**WHAT YOU ARE ASKED TO DO**
Below this line are records; transcribe exactly the lines between the one holding "Power environment management" and the one holding "SDXL Turbo |", inclusive, and omit the pictures.

**MATERIAL FOR THIS TASK**
::::
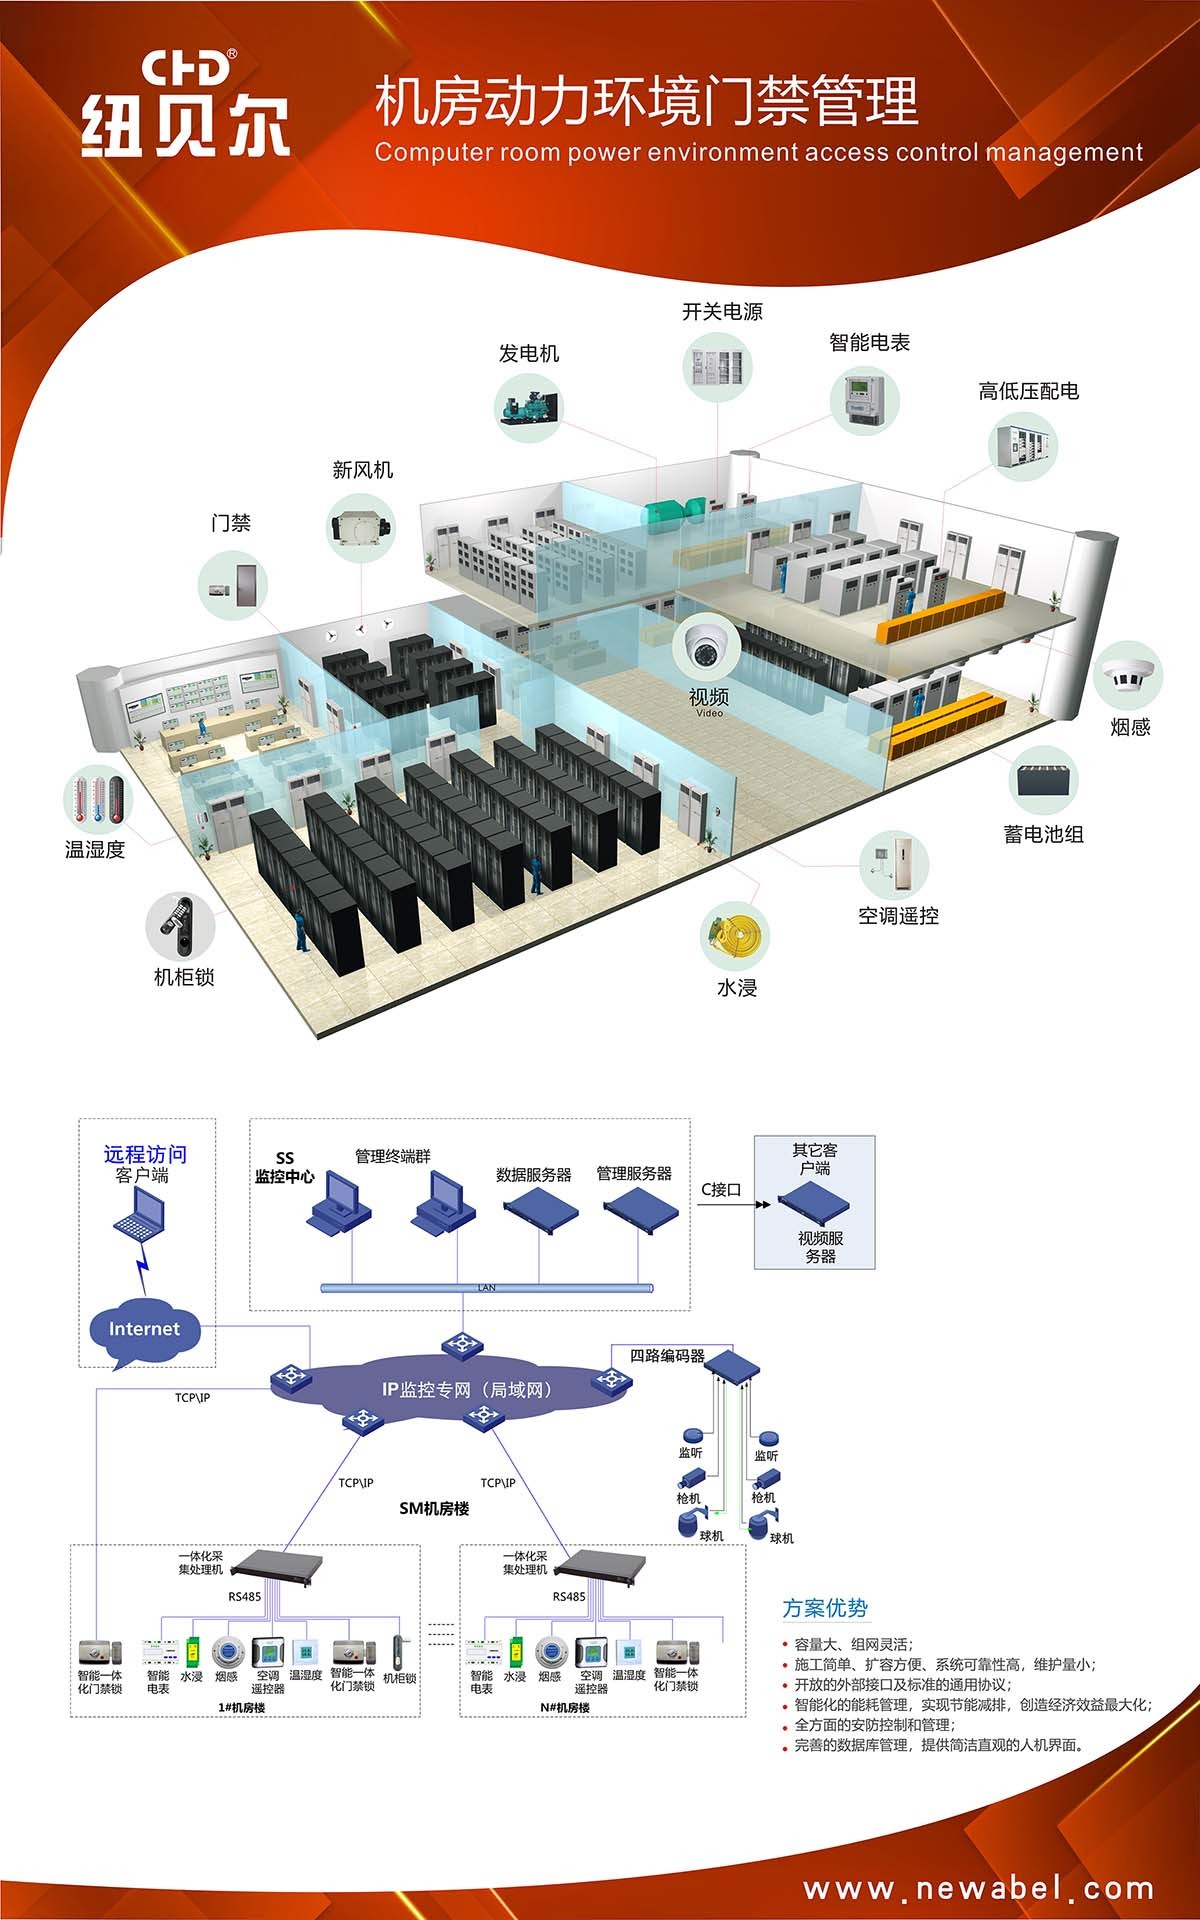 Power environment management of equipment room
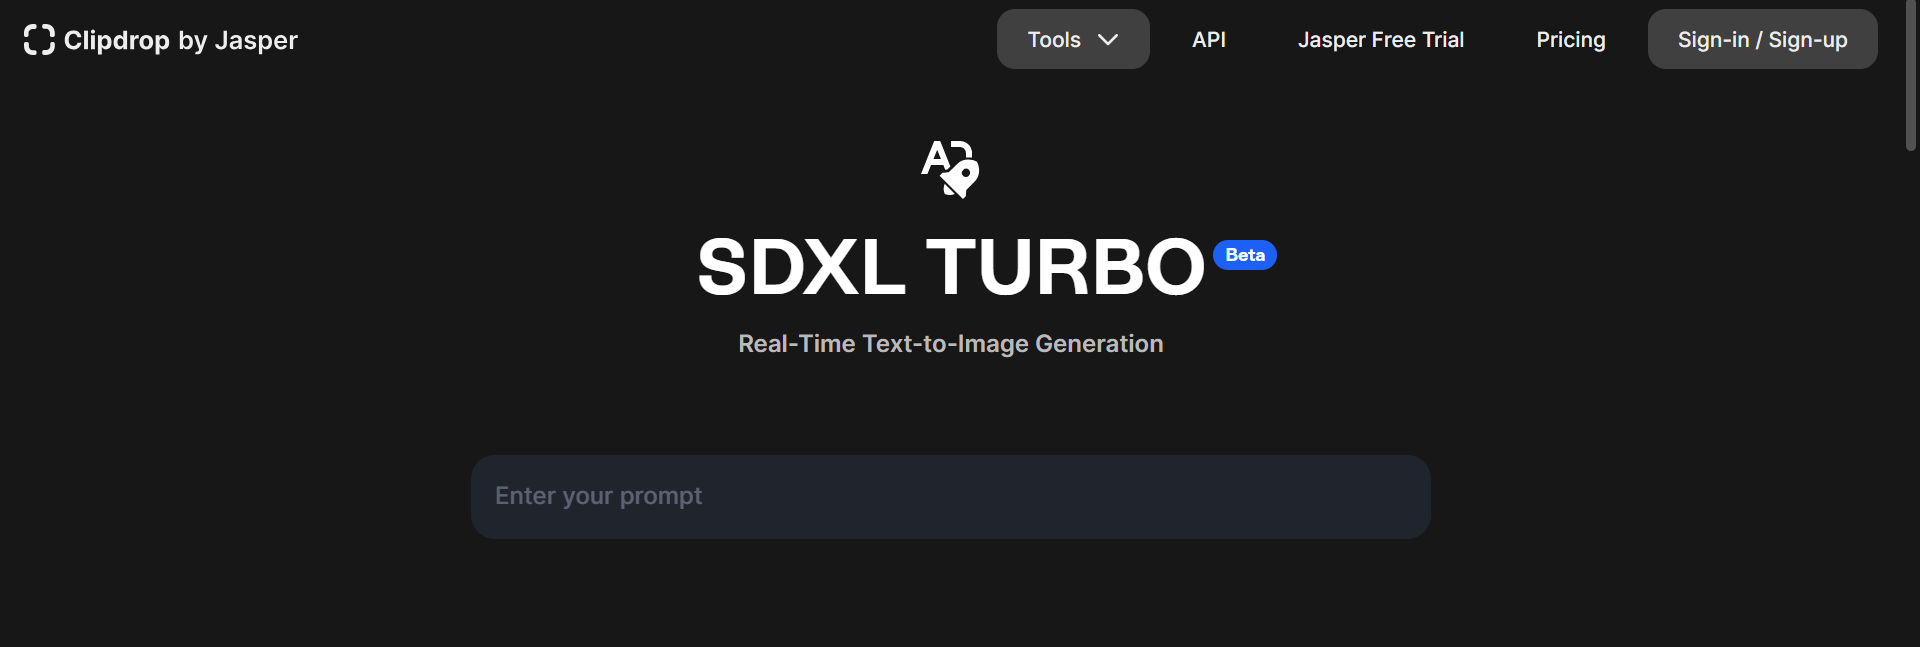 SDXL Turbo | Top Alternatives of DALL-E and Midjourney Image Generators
::::
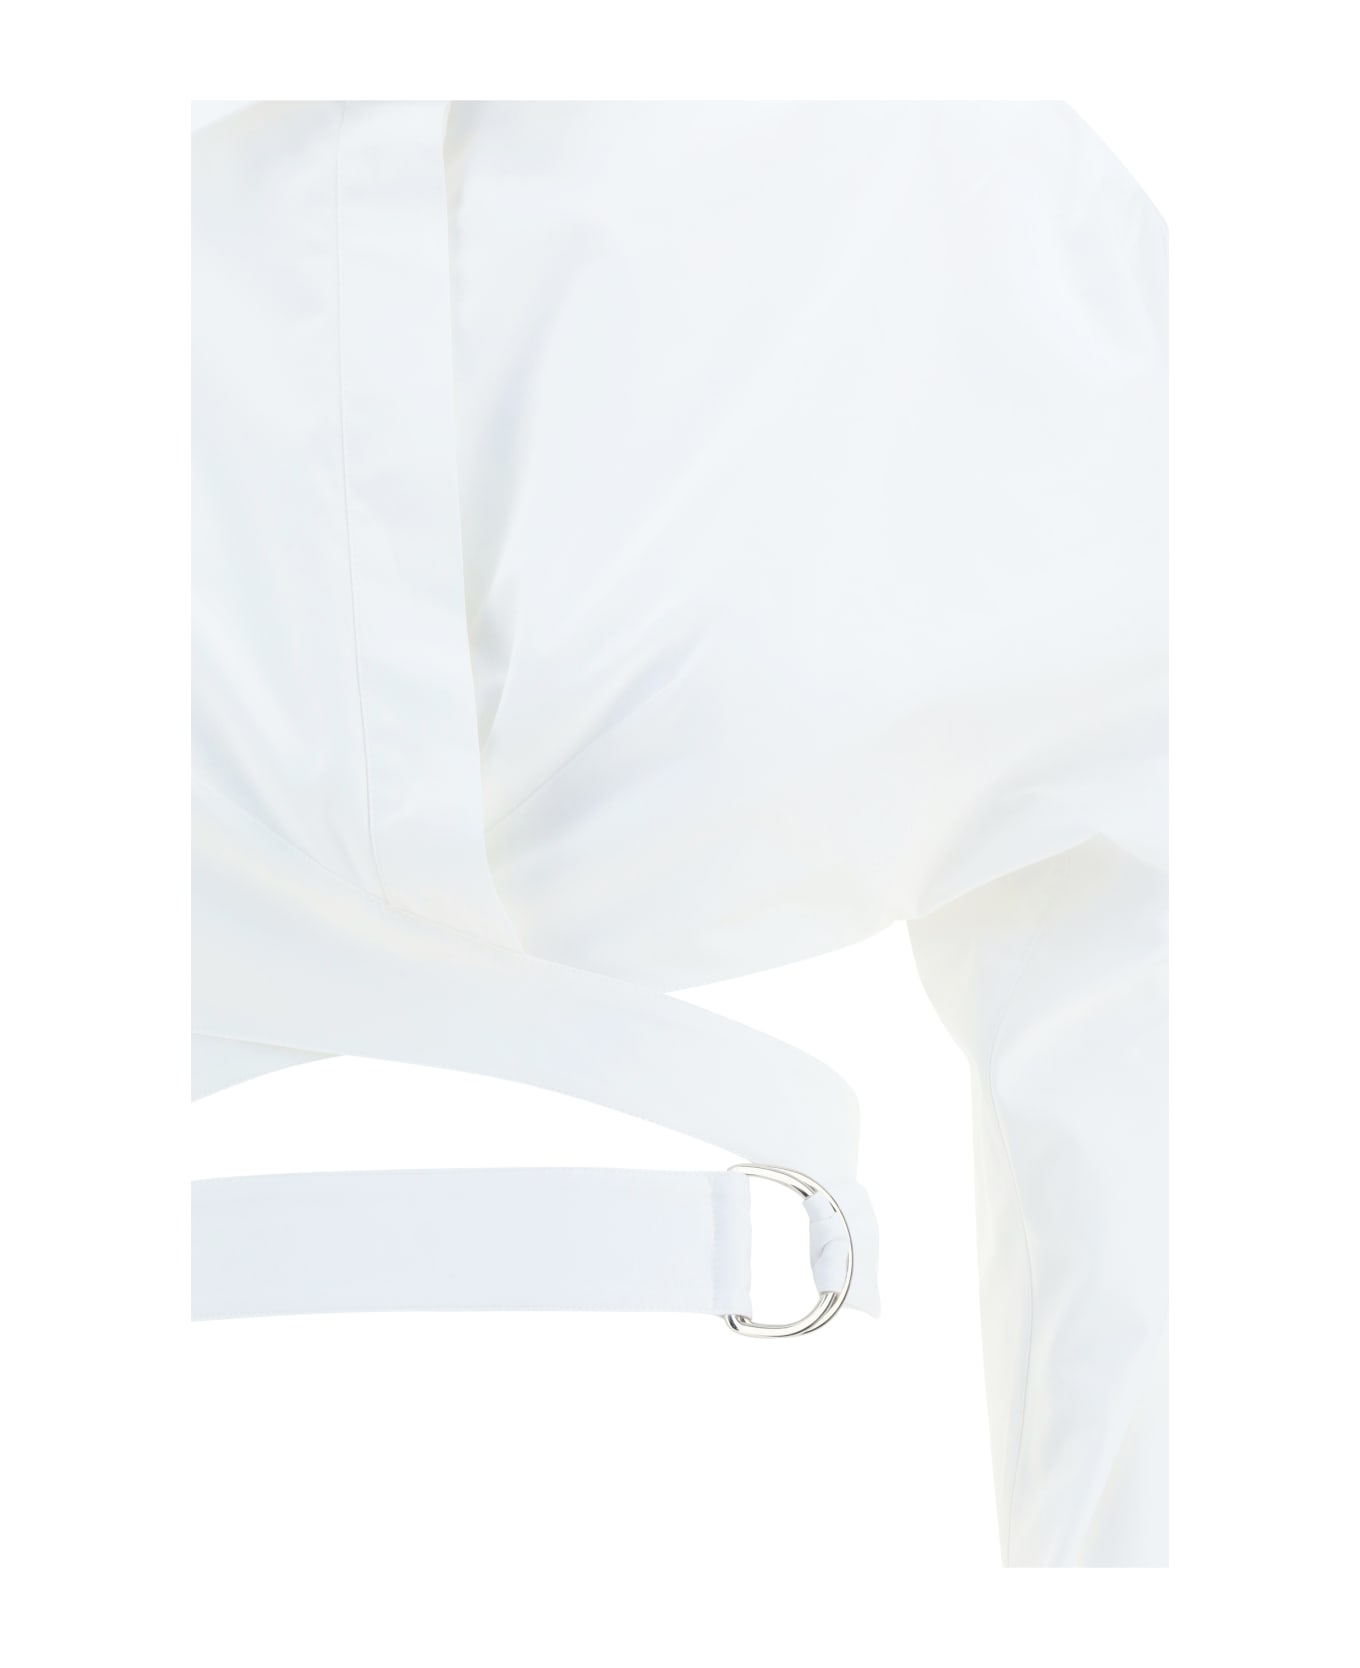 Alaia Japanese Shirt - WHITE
::::
**REPLY**
 Power environment management of equipment room
 SDXL Turbo | Top Alternatives of DALL-E and Midjourney Image Generators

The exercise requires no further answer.